Metrics Reference

PREVIEW

These metrics are automatically collected by DC/OS.

Node

CPU and memory metrics

Metric Description
cpu.cores Percentage of cores used.
cpu.idle Percentage of CPUs idle.
cpu.system Percentage of system used.
cpu.total Percentage of CPUs used.
cpu.user Percentage of CPU used by the user.
cpu.wait Percentage idle while waiting for an operation to complete.
load.1min Load average for the past minute.
load.5min Load average for the past 5 minutes.
load.15min Load average for the past 15 minutes.
memory.buffers Number of memory buffers.
memory.cached Amount of cached memory.
memory.free Amount of free memory in bytes.
memory.total Total memory in bytes.
process.count Number of processes that are running.
swap.free Amount of free swap space.
swap.total Total swap space.
swap.used Amount of swap space used.
system.uptime The system reliability and load average.

Filesystem metrics

Metric Description
filesystem.capacity.free Amount of available capacity in bytes.
filesystem.capacity.total Total capacity in bytes.
filesystem.capacity.used Capacity used in bytes.
filesystem.inode.free Amount of available inodes in bytes.
filesystem.inode.total Total inodes in bytes.
filesystem.inode.used Inodes used in bytes.

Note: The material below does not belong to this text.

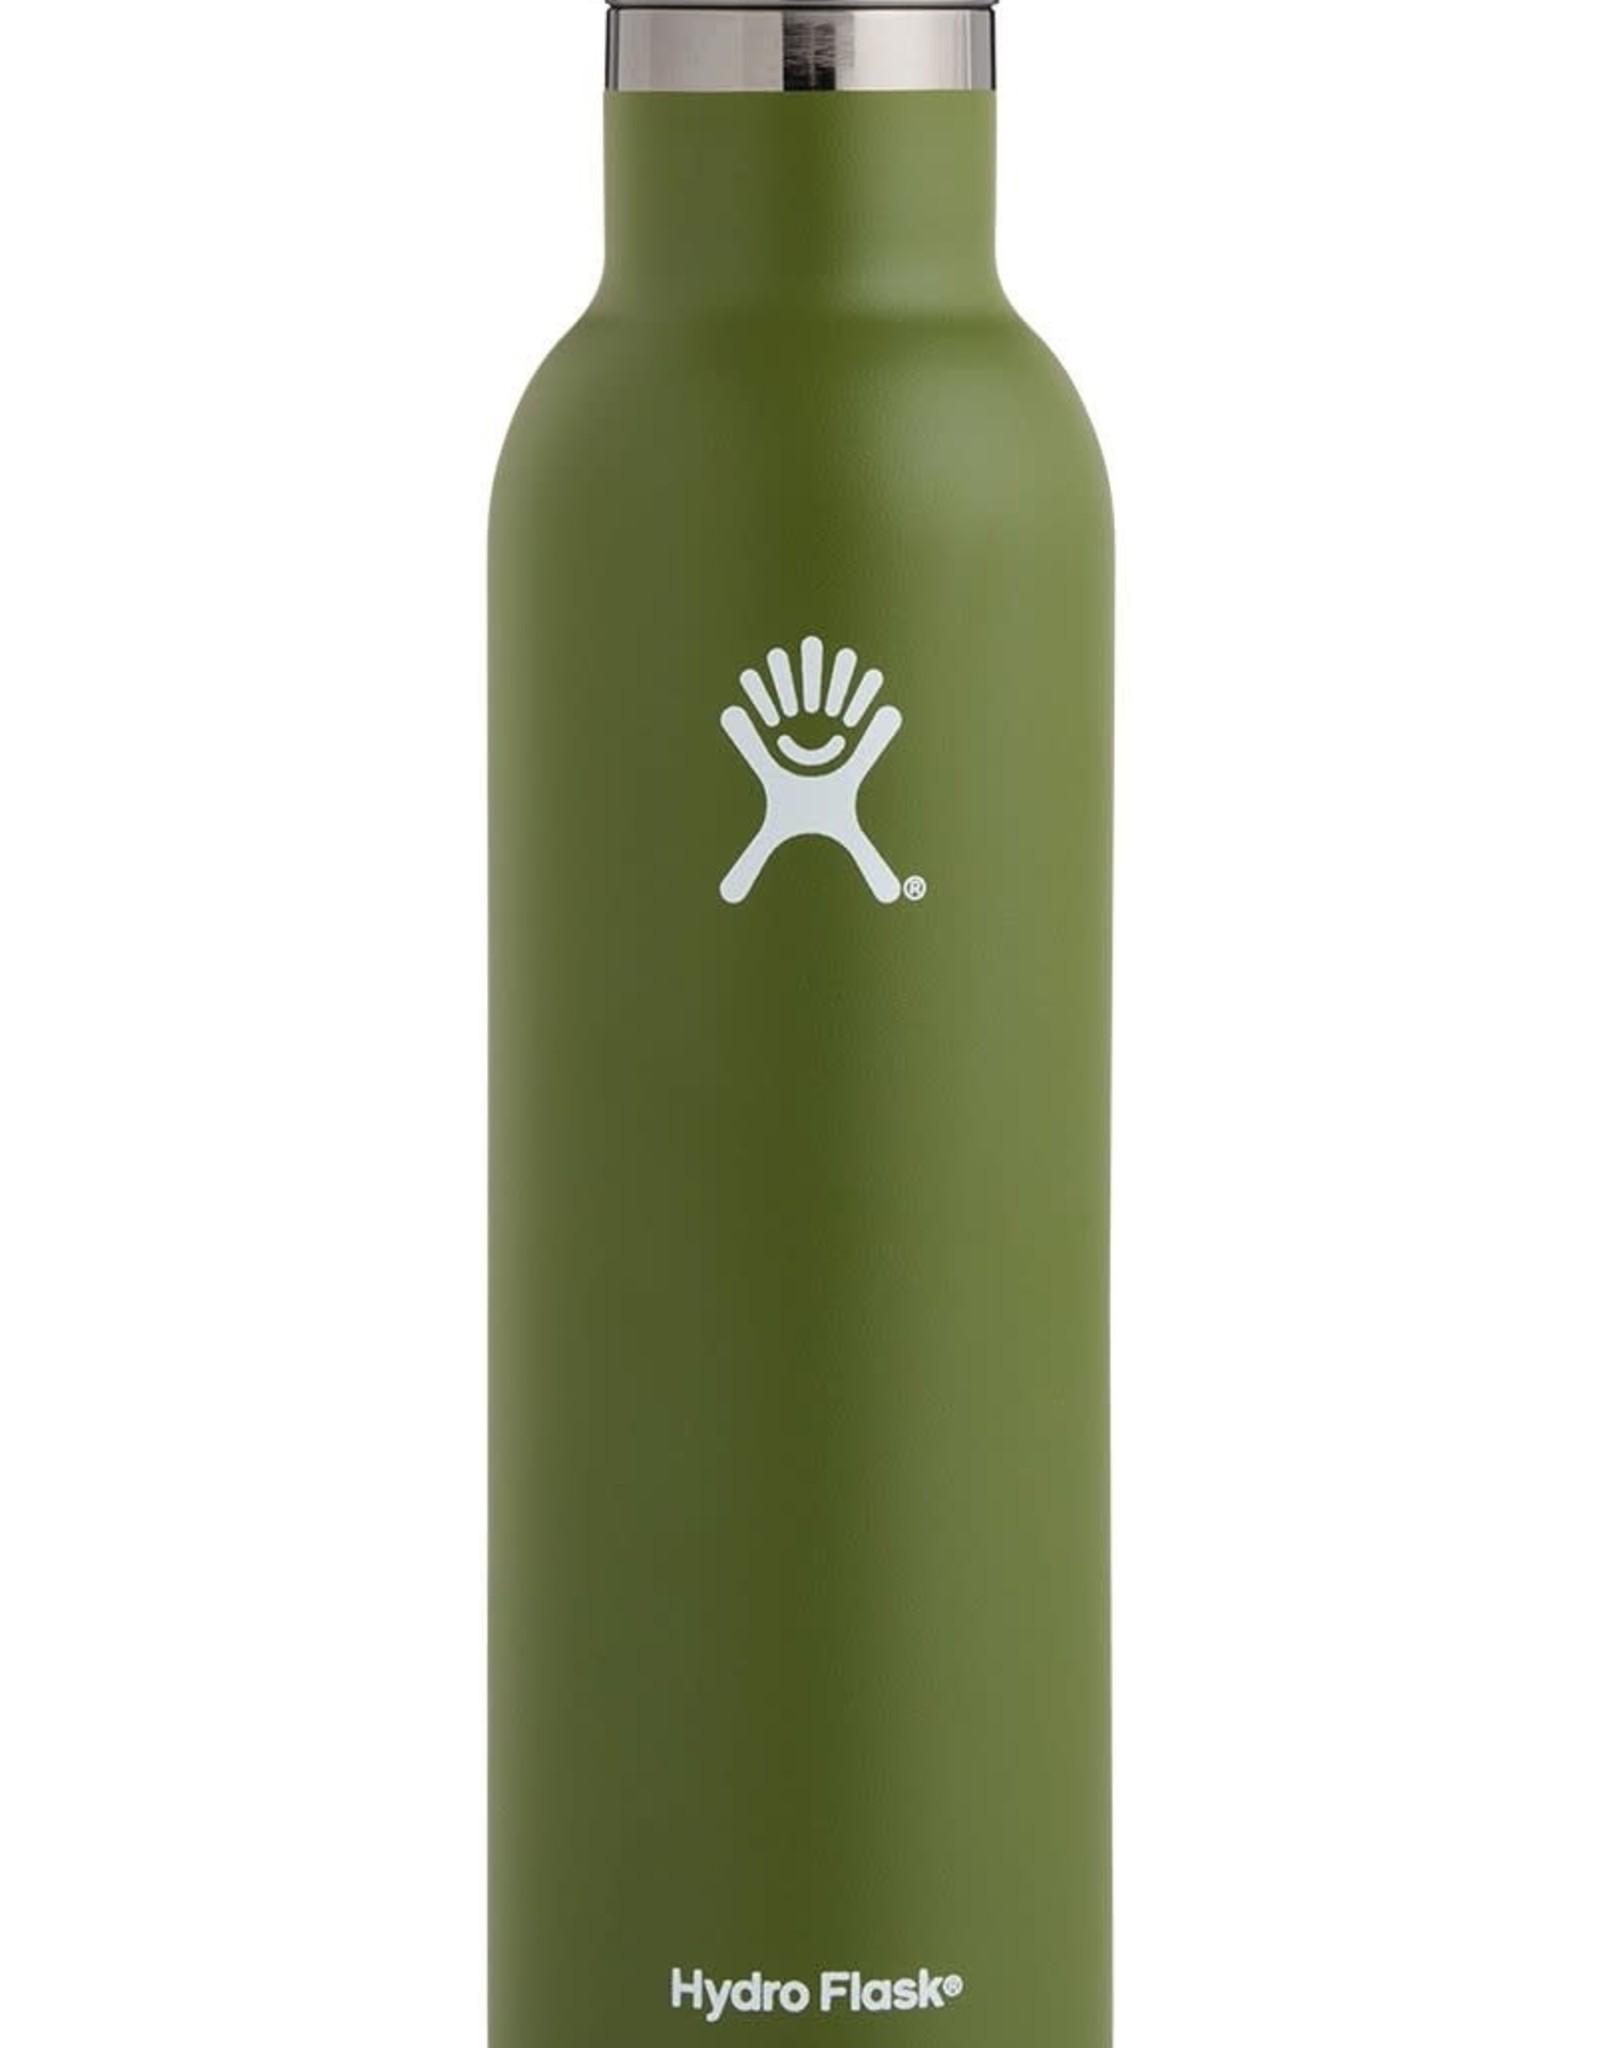 Hydro Flask Hydro Flask Wine Bottle 25oz S19

Note: The tag path is automatically populated based on the mount path of the local filesystem (e.g., /, /boot, etc).

Network interface metrics

Metric Description
network.in.bytes Number of bytes downloaded.
network.in.dropped Number of downloaded bytes dropped.
network.in.errors Number of downloaded bytes in error.
network.in.packets Number of packets downloaded.
network.out.bytes Number of bytes uploaded.
network.out.dropped Number of uploaded bytes dropped.
network.out.errors Number of uploaded bytes in error.
network.out.packets Number of packets uploaded.

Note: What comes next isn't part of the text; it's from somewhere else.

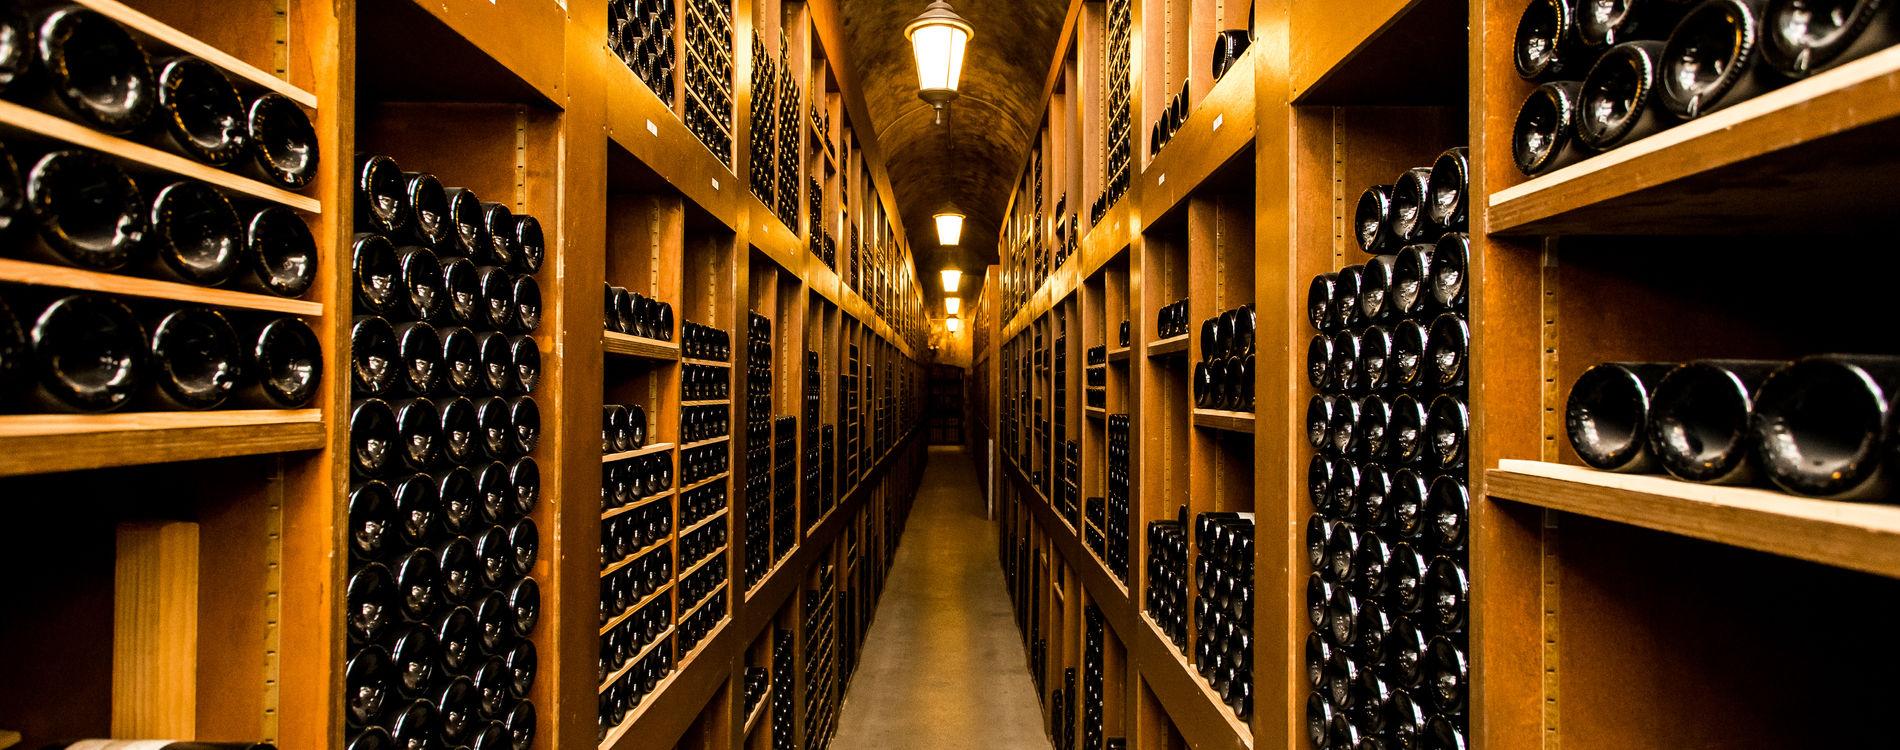 De Paris Monte Carlo Wine Cellars

Note: The tag interface is automatically populated based on the type of the network interface (e.g., spartan, d-dcos, minuteman, etc).

Container

The following per-container resource utilization metrics are collected.

CPU usage metrics

Metric Description
cpus.limit The number of CPU shares allocated.
cpus.system.time Total CPU time spent in kernel mode in seconds.
cpus.throttled.time Total time, in seconds, that CPU was throttled.
cpus.user.time Total CPU time spent in user mode.

Disk metrics

Metric Description
disk.limit Hard capacity limit for disk in bytes.
disk.used Hard capacity used in bytes.

Memory metrics

Metric Description
mem.limit Hard memory limit for a container.
mem.total Total memory of a process in RAM (as opposed to in swap).

Network metrics

Metric Description
net.rx.bytes Bytes received.
net.rx.dropped Packets dropped on receive.
net.rx.errors Errors reported on receive.
net.rx.packets Packets received.
net.tx.bytes Bytes sent.
net.tx.dropped Packets dropped on send.
net.tx.errors Errors reported on send.
net.tx.packets Packets sent.

Dimensions

Dimensions are metadata about the metrics. The following table lists the available dimensions and the entities where they appear.

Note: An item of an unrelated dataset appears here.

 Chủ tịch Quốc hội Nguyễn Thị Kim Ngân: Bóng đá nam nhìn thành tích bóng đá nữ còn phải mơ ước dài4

Dimension Description Entity
mesos_id The Mesos ID of the node. node, container
cluster_id The ID of the Mesos cluster. node, container
container_id The ID of the container. metric, container
executor_id The ID of the task executor. metric, container
executor_name The name of the task executor. metric
framework_id The ID of the framework. metric, container
framework_name The name of the framework. container
framework_principal The principal of the framework. container
framework_role The framework role. container
hostname The IP address of the node. container, node
labels Key-value pairs describing the metric. container
source The source of the metric. Equivalent to the executor ID. metric
task_id The task ID. container
task_name The task name. container

For more information, see the dcos-metrics repository.